Speaker
Description
In this pandemic times our group has coordinated large National and International Consortia to understand, through cryo Electron Microscopy (cryo-EM), both key issues on SARS Cov 2 spike dynamic (Melero et al., IUCrJ. 2020) as well as specific properties of mutations that were prevalent in Europe at certain periods (Ginex et al., PLoS Pathog. 2022), as part of our work in the European Research Infrastructure for Integrative Structural Biology, Instruct-ERIC. These works have been complemented with others in Bioinfomatics as developers of one of the few ELIXIR Recommended Interoperability Resources (Macias et al., Bioinformatics. 2021).
Along this hard work we have learnt many lessons and realized many new needs that are now guiding our efforts in cloud computing and in data management. In the following we will briefly review some of these new developments.
The first one is termed "ScipionCloud", and it is a service registered in the EOSC Marketplace where users from the Instruct Research Infrastructure can deploy a cluster in the cloud to process the data acquired at an Electron Microscopy facility. This cluster has all cryoEM packages and software needed to obtain a 3D structure and is powered by EOSC agreed-on computing resources on the back-end. This means that scientists with minimal computational background (or compute resources of their own) can access the latest tools as well as powerful computational resources to obtain a refined 3D structure to be published and shared with the community. The service quality is assessed through the SQAaaS utility, developed in the same project, that allows to check different quality metrics in software development projects. In addition, the tool permits to evaluate the FAIRness of service outputs that are stored in public repositories. Finally, minimal modifications of the service are needed to deploy a similar cluster in the AWS cloud. Documentation of this service can be found in the Scipion website (https://scipion.i2pc.es/) and in arXiv:2211.07738
The second development address the issue of lack of standardization, specially in the area of information (Image) processing, trying to improve the FAIRness of cryoEM workflows. In this way we have developed the tools to export the image processing workflow in Common Workflow Language, using a CryoEM ontology and depositing workflows in WorkflowHub. On this front we have published a cryoEM ontology in the following catalogues: Ontology Lookup Service (https://www.ebi.ac.uk/ols/ontologies/cryoem), BioPortal (https://bioportal.bioontology.org/ontologies/CRYOEM) and FAIRsharing (10.25504/FAIRsharing.q47I0t). Additionally, we have developed a Scipion plugin to publish processing workflow template in WorkflowHub in the form of a RO-Crate object with Scipion JSON and CWL workflow (enriched with previous ontology) + diagram + metadata.
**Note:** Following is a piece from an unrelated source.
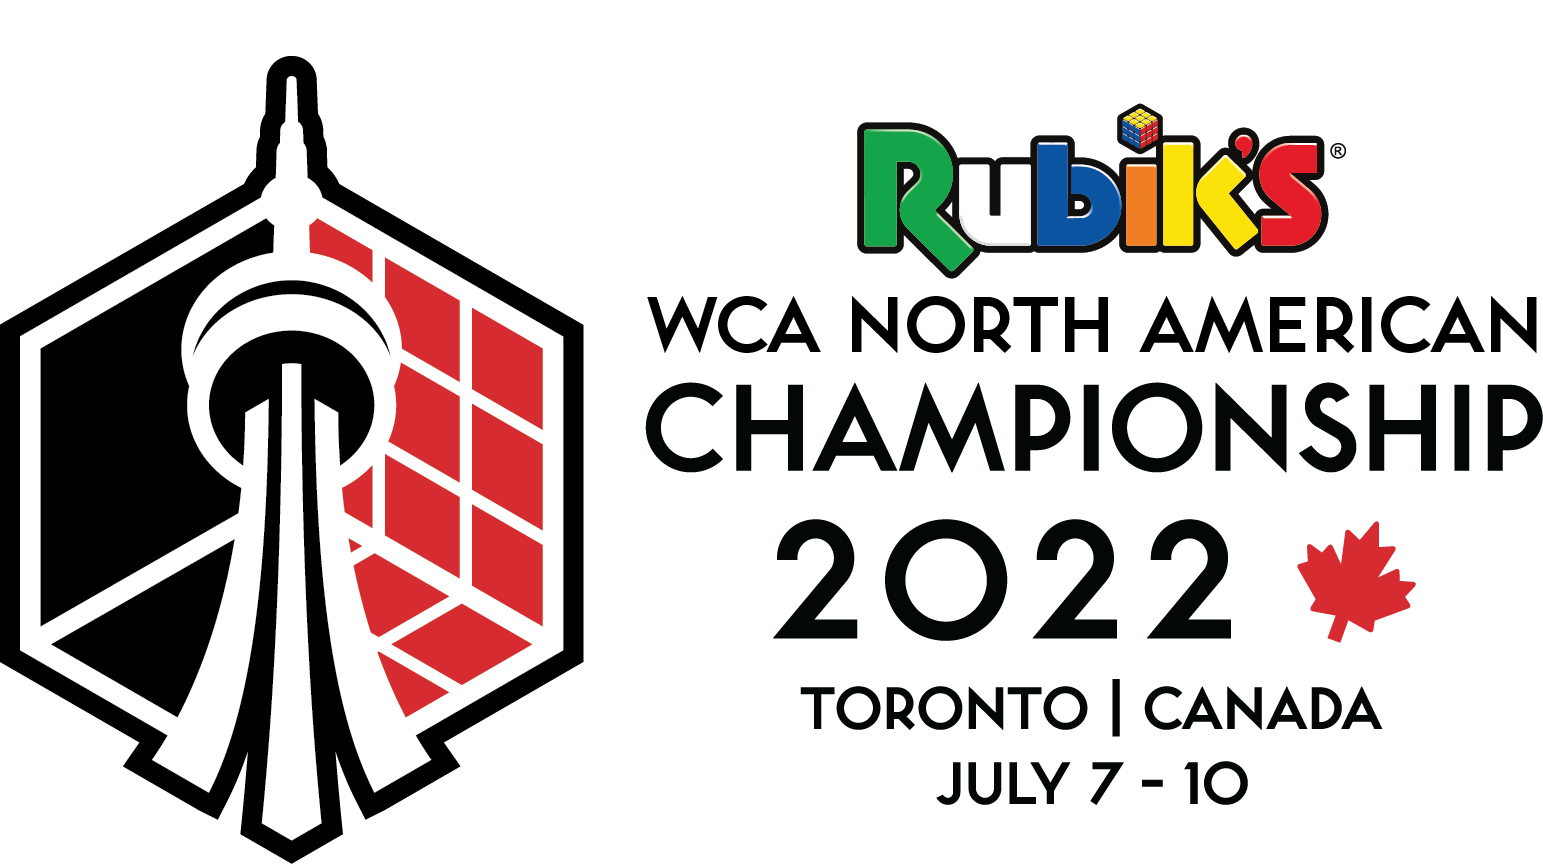 Rubik's WCA North American Championship

On a further effort to first map/understand the current situation on raw data deposition in public databases, we first performed an analysis of the pre pandemic situation and the current one in terms of deposition of cryoEM data, and we were surprised to see that, essentially, nothing had been learnt through the pandemic, and that there was a very widespread lack of raw data structural data, with also substantial differences among "Regions" (Europe deposits around 10% of the acquired data, the US 2%, and virtually none from Asia). To act on this situation, an ambitious push towards data sharing is being performed by Instruct-ERIC, coordinated from this laboratory. Still at the pilot stage,we are developing a strategy across the entire infrastructure, starting at the individual facilities which are to archive quality annotated data and share the data in a Federated manner using either Onedata or IRODS (both solutions are under testing). The whole interplay among Facilities will be orchestrated from Instruct Hub through new extensions of its project management system ARIA.
In short, almost three intense years of work in the context of the current SARS Cov2 pandemic, marked by the need to increase efficiency and be better prepared for the likely events of future pandemics.